Your code should make this choice explicit (e.g. behind a collapse_repeats flag).

Hints & Common Pitfalls

  1. Start with the subsequence check. For each dictionary word, verify that the word is a subsequence of the input (with matching first and last characters). This is O(len(input)) per word.

  2. Brute force is O(D * L) where D is the dictionary size and L is the input length. This may be acceptable depending on constraints, but discuss optimizations.

  3. Pruning by first/last character immediately eliminates a large portion of the dictionary. Group dictionary words by their (first_char, last_char) pair for O(1) lookup of candidates.

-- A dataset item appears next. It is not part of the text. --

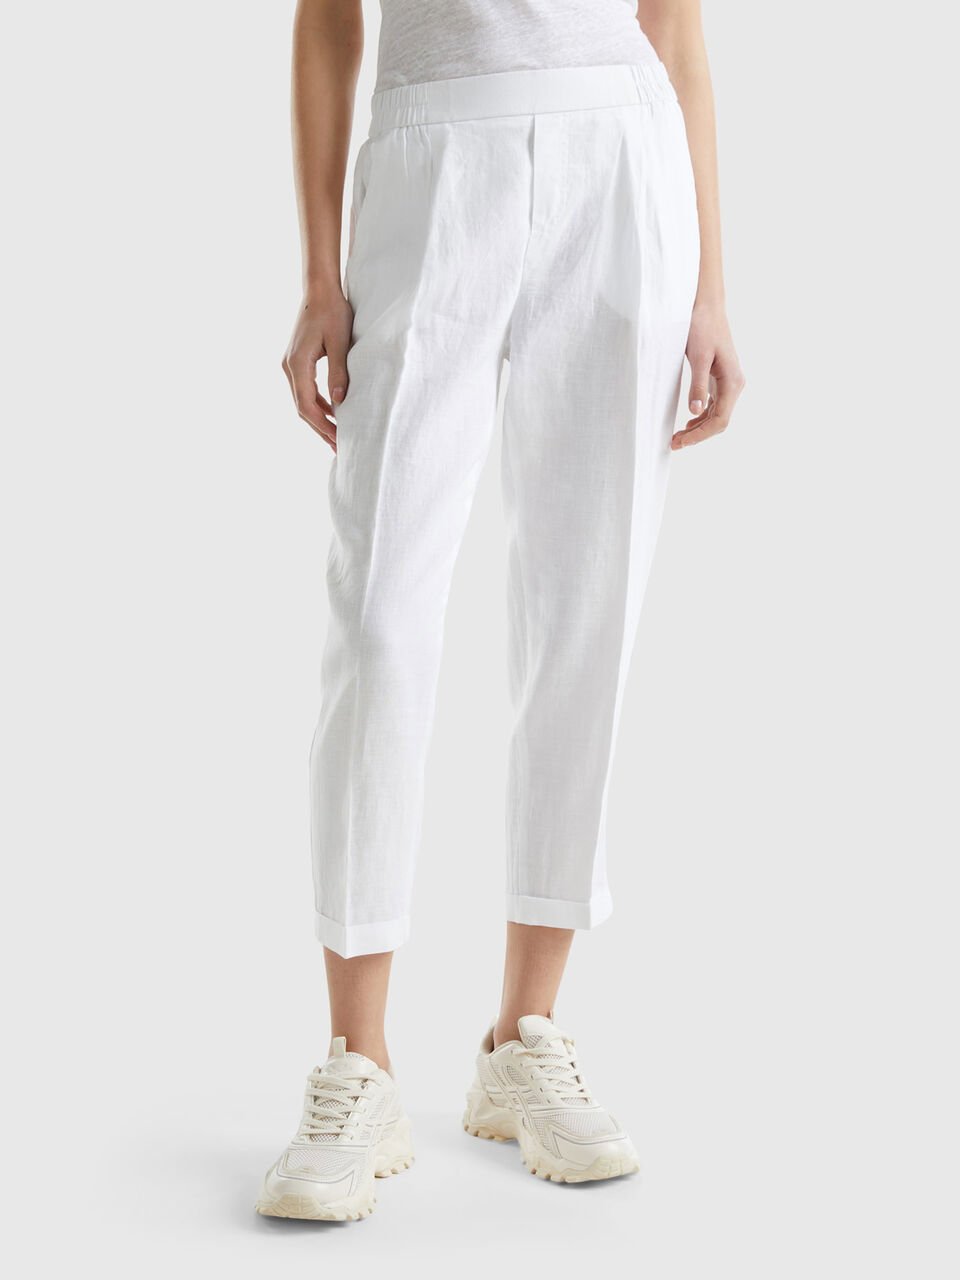 Cropped trousers in 100% linen - White

  4. Trie-based optimization: Build a trie from the dictionary. Walk the trie while scanning the input string. At each input character, advance any trie nodes that have a matching child. This processes all dictionary words simultaneously.

  5. Be careful with repeated characters. Decide whether a single key press in the input can match multiple consecutive identical characters in a dictionary word (because the finger hovered over that key).

Follow-Up Questions

  1. How would you use additional information from the keyboard to improve accuracy? Consider: (a) the physical distance between consecutive keys in the input, (b) the time spent on each key, (c) the velocity of the finger.

  2. How would you rank multiple matching words? Think about word frequency, gesture shape similarity, and key proximity.

  3. If the dictionary is very large and queries are frequent, what data structures would you precompute? How does a trie compare to a hash-map-based approach?

  4. How would you handle the case where the user's finger slightly misses a key (e.g., hits 'e' instead of 'r')? What tolerance model would you use?